使用双指针链接到链表的字符串

Question

I have the following code I"m converting the string stored into the linked list. Example : ABC A->B->C->NULL

Problems : When printing the list,it is not giving the desired output.Following is the code and sample input/outputs.

Code

#include<stdio.h>
#include<stdlib.h>
typedef struct node
{
    char ch;
    struct node *next;
}node;
void create(node **head,char ch)
{
    node *new;
    new=malloc(sizeof(node));
    new->next=NULL;
    new->ch=ch;
    if(*head==NULL)
    {
        *head=new;
        printf("%c",(*head)->ch);
        return ;
    }
    while((*head)->next)
    {
        (*head)=(*head)->next;
    }
    (*head)->next=new;


}
void printList(node *head)
{
    printf("\nThe list has - ");
    while(head)
    {
        printf("%c",head->ch);
        head=head->next;
    }
    printf("\n\n");
}
int main()
{
    node *head=NULL;
    int i=0;
    char *str=NULL;
    str=malloc(sizeof(char)*15);
    printf("\nEnter the string - ");
    scanf("%s",str);

    while(str[i]!='\0')
    {
        create(&head,str[i]);
        i++;
    }
    printList(head);
    return 0;
}

Sample Input/Outputs

Input 1

Enter the string - abc 
a
The list has - bc

Input 2

Enter the string - abcde
a
The list has - de

Input 3

Enter the string - ab
a
The list has - ab

Note :

If I change my create function to this , everything just works fine!. I want to know what's the difference here?

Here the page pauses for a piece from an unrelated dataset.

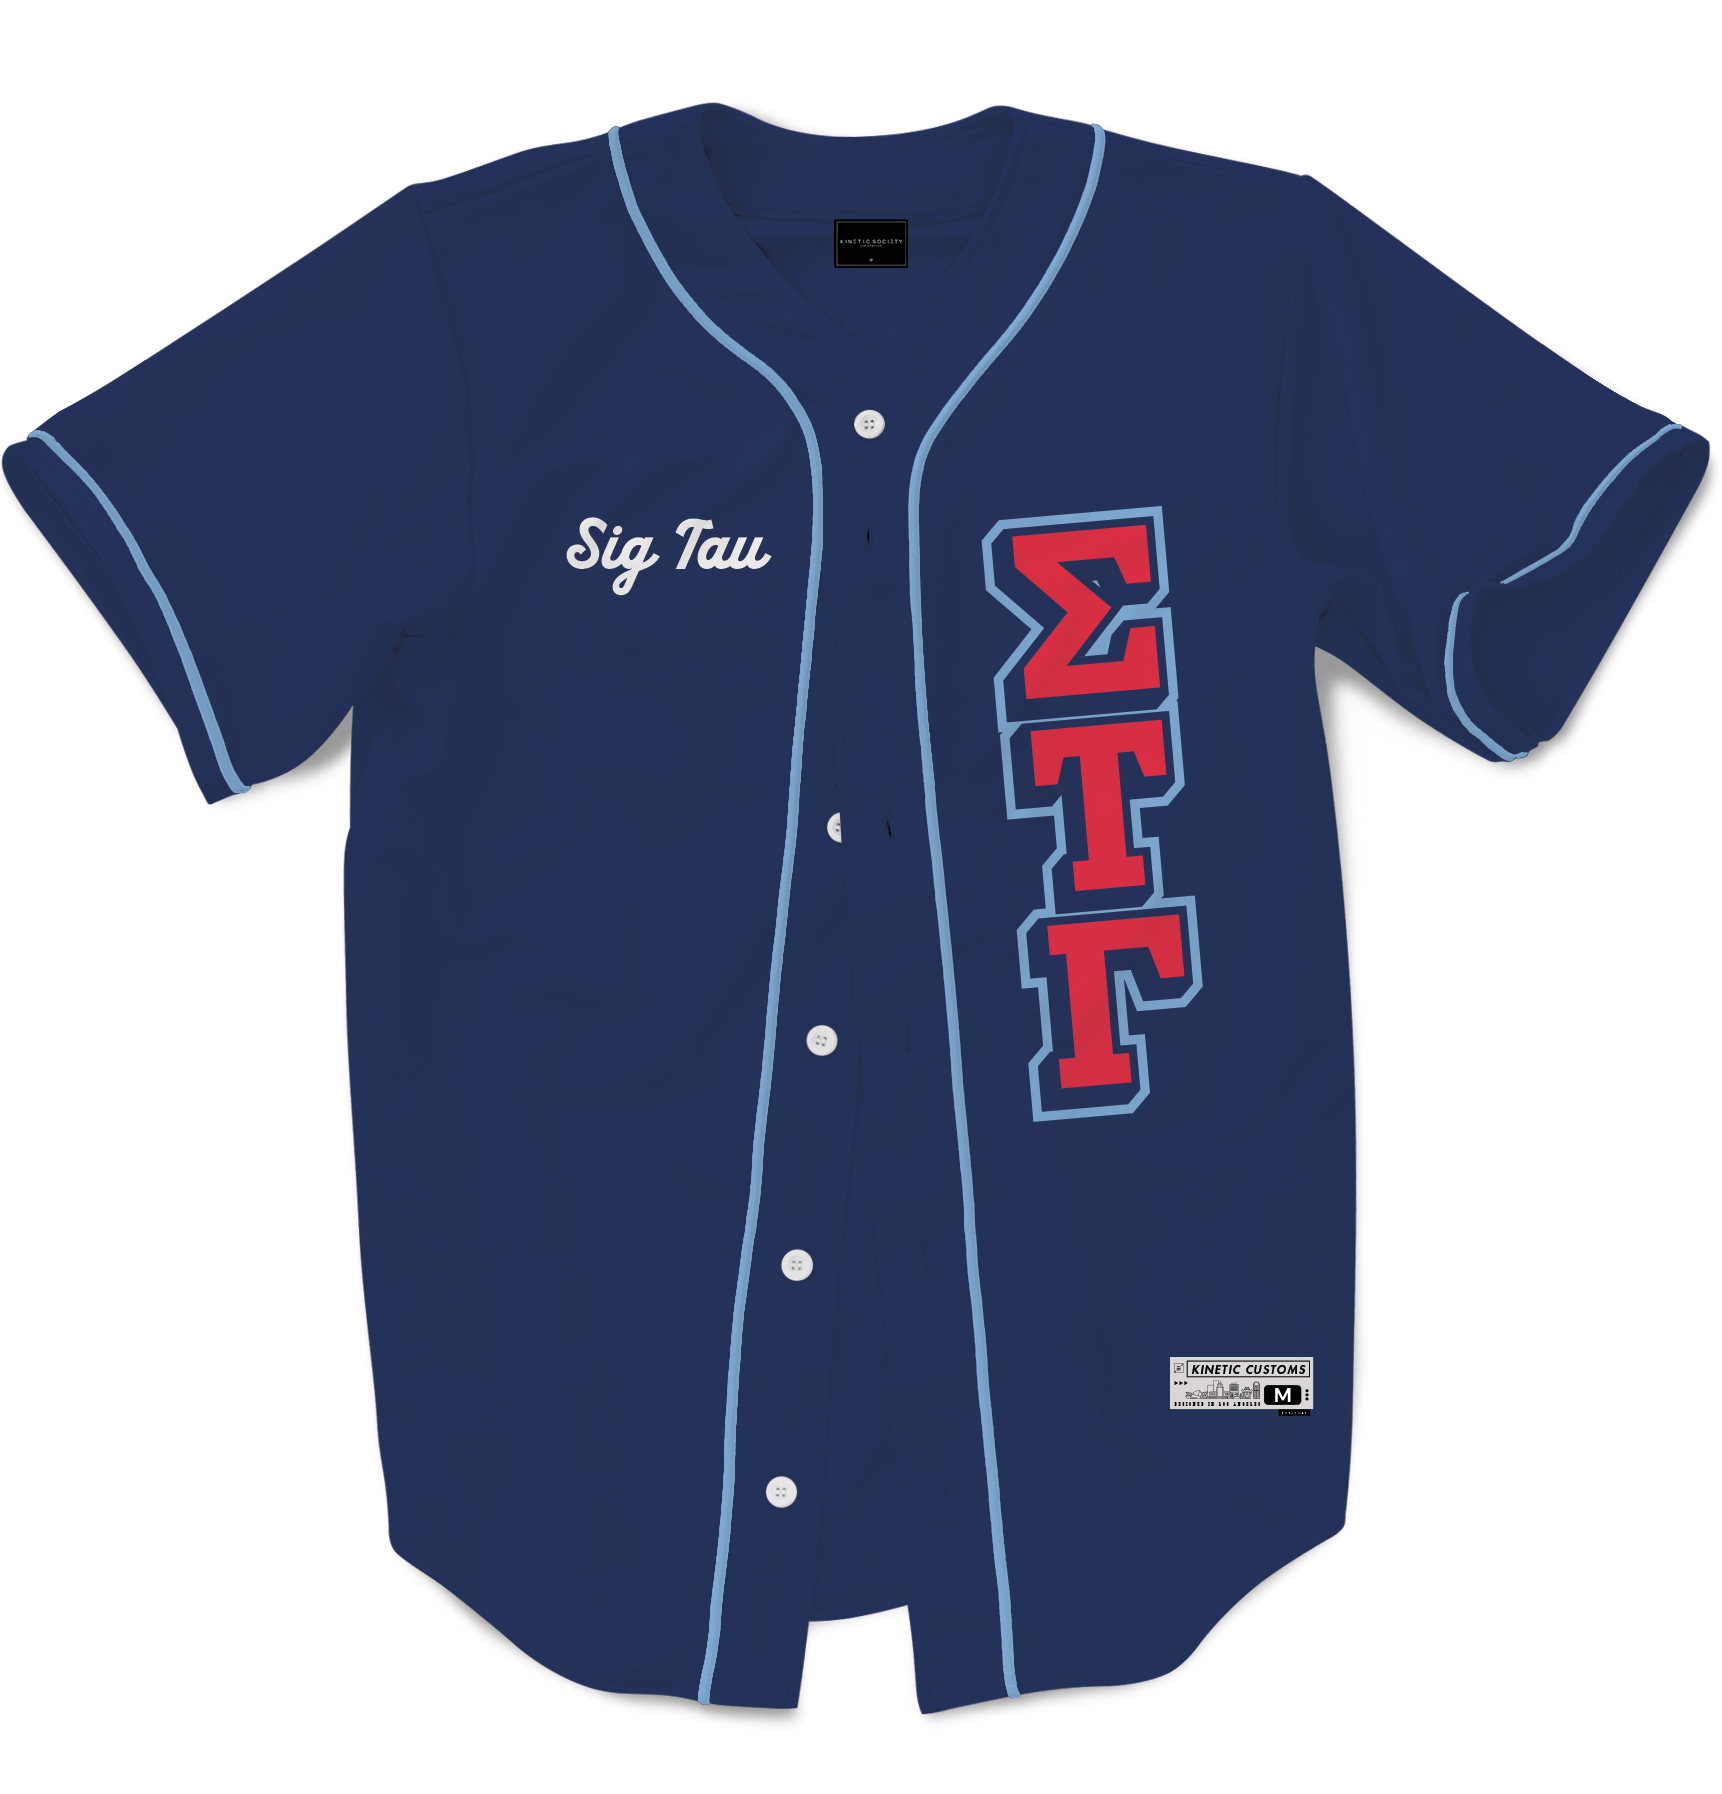 SIGMA TAU GAMMA - The Block Baseball Jersey Premium Baseball Kinetic Society LLC

Has it something to do with the double pointer??

void create(node **head,char ch)
{
    node *new,*ptr;
    new=malloc(sizeof(node));
    new->next=NULL;
    new->ch=ch;
    ptr=*head;
    if(ptr==NULL)
    {
        ptr=new;
        return;
    }
    while(ptr->next)
    {
        ptr=ptr->next;
    }
    ptr->next=new;

}

Thanks!

Answer 1

There is a issue with your insert function in the first code snipper where you move the *head so by the time you insert the last node to the list the head is pointing to one before the last node

a->b->c->d
      |
      |

Head is at c now

So you should never move the head and just use temporary variable to get the value of head and move temp.

a->b->c->d
|     |
|     |
Head  temp

Has it something to do with the double pointer??

No it is just that in the second snippet you use ptr as temporary pointer and doesn't move head your code works as shown above.

Answer 2

Gopi has already pointed out the issue with your code. You can use that advice to insert a new node if you distinguish between the two cases of inserting the first node to an empty list (in which case you must update head ) and of appending to an existing list. (You already catch the two cases.)

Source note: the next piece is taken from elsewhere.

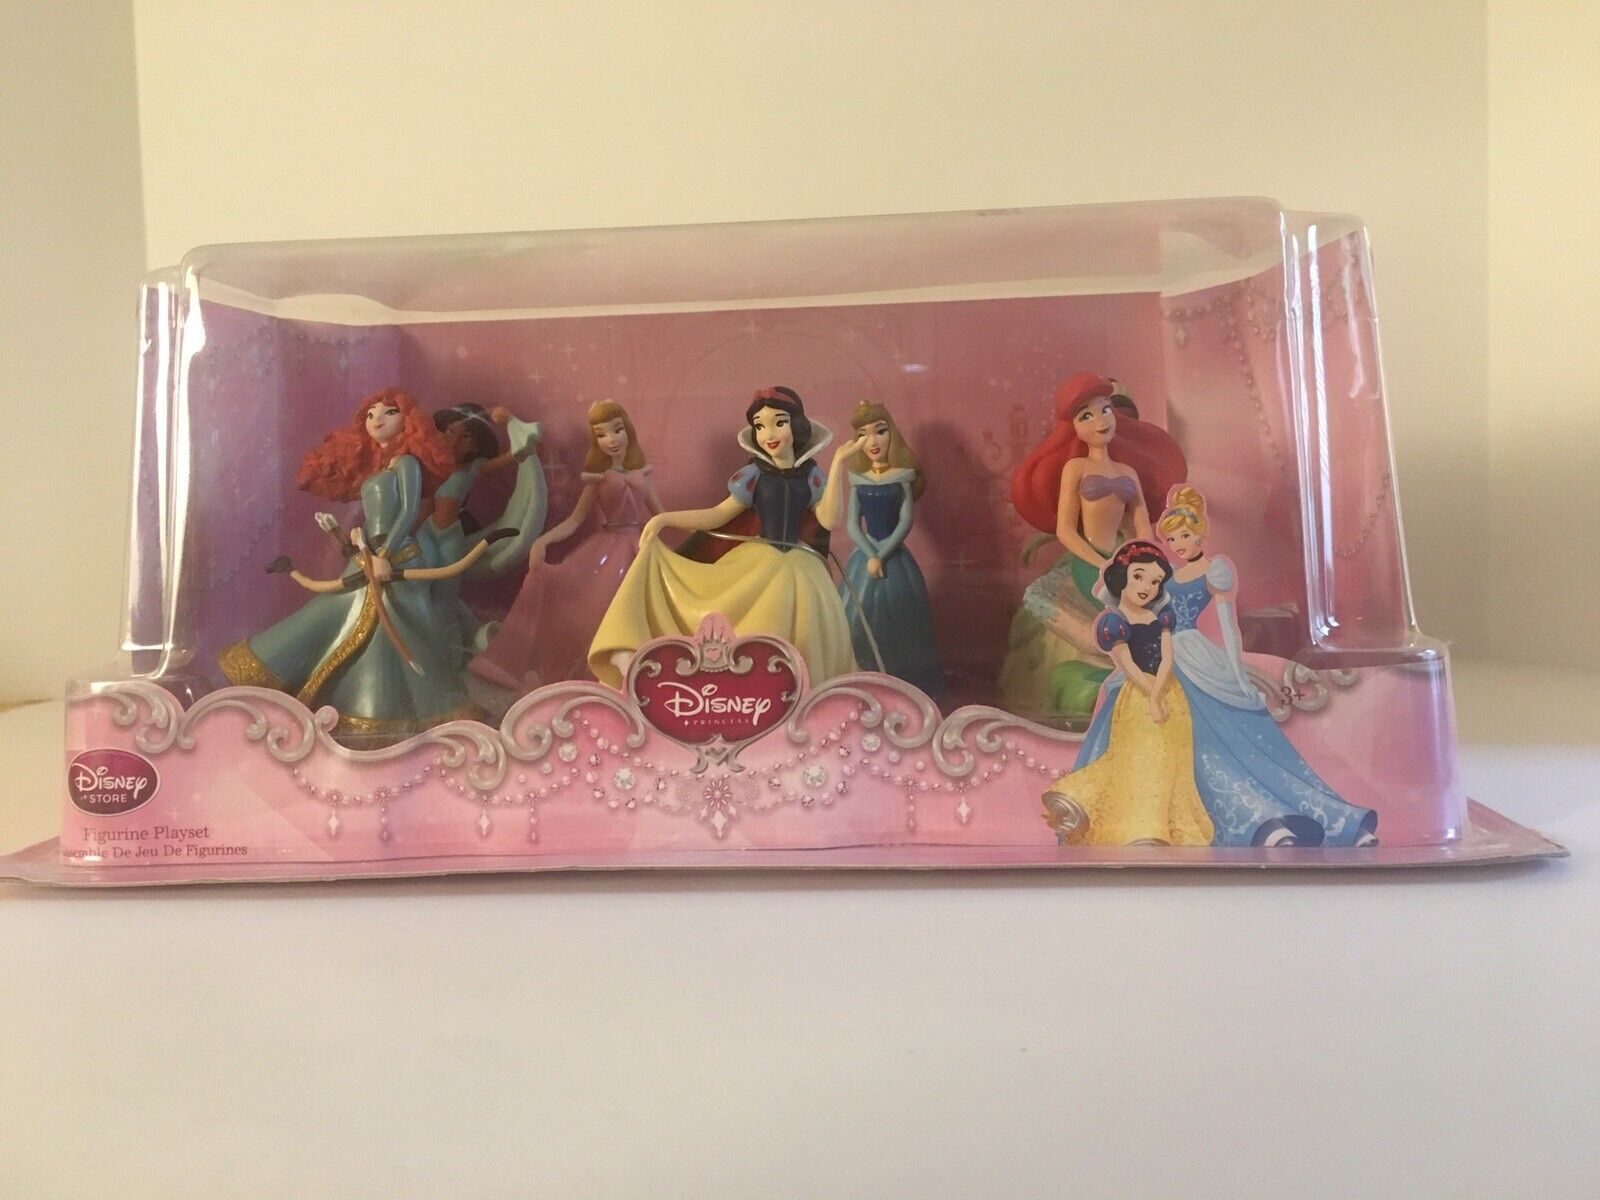 Disney Store (Disney Princess Collection) 7 Piece Figurine Set - NEW

But the pointer-to-pointer strategy adds one level of indirection, which you can use here to do without this distinction: head holds the pointer to the pointer to the head node. If you use head to walk through the list, head should always point to the pointer that points to the current node. When the current node is NULL , assign the new node, ie overwrite the pointer:

void create(node **head, char ch)
{
    /* create new node */
    node *nd = malloc(sizeof(*nd));
    nd->next=NULL;
    nd->ch=ch;

    /* advance to end of list */
    while (*head) {
        head = &(*head)->next;
    }

    /* assign */
    *head = nd;
}

By the way, your second function does not work just fine, because you never update the head. You'll get an empty list and memory leaks.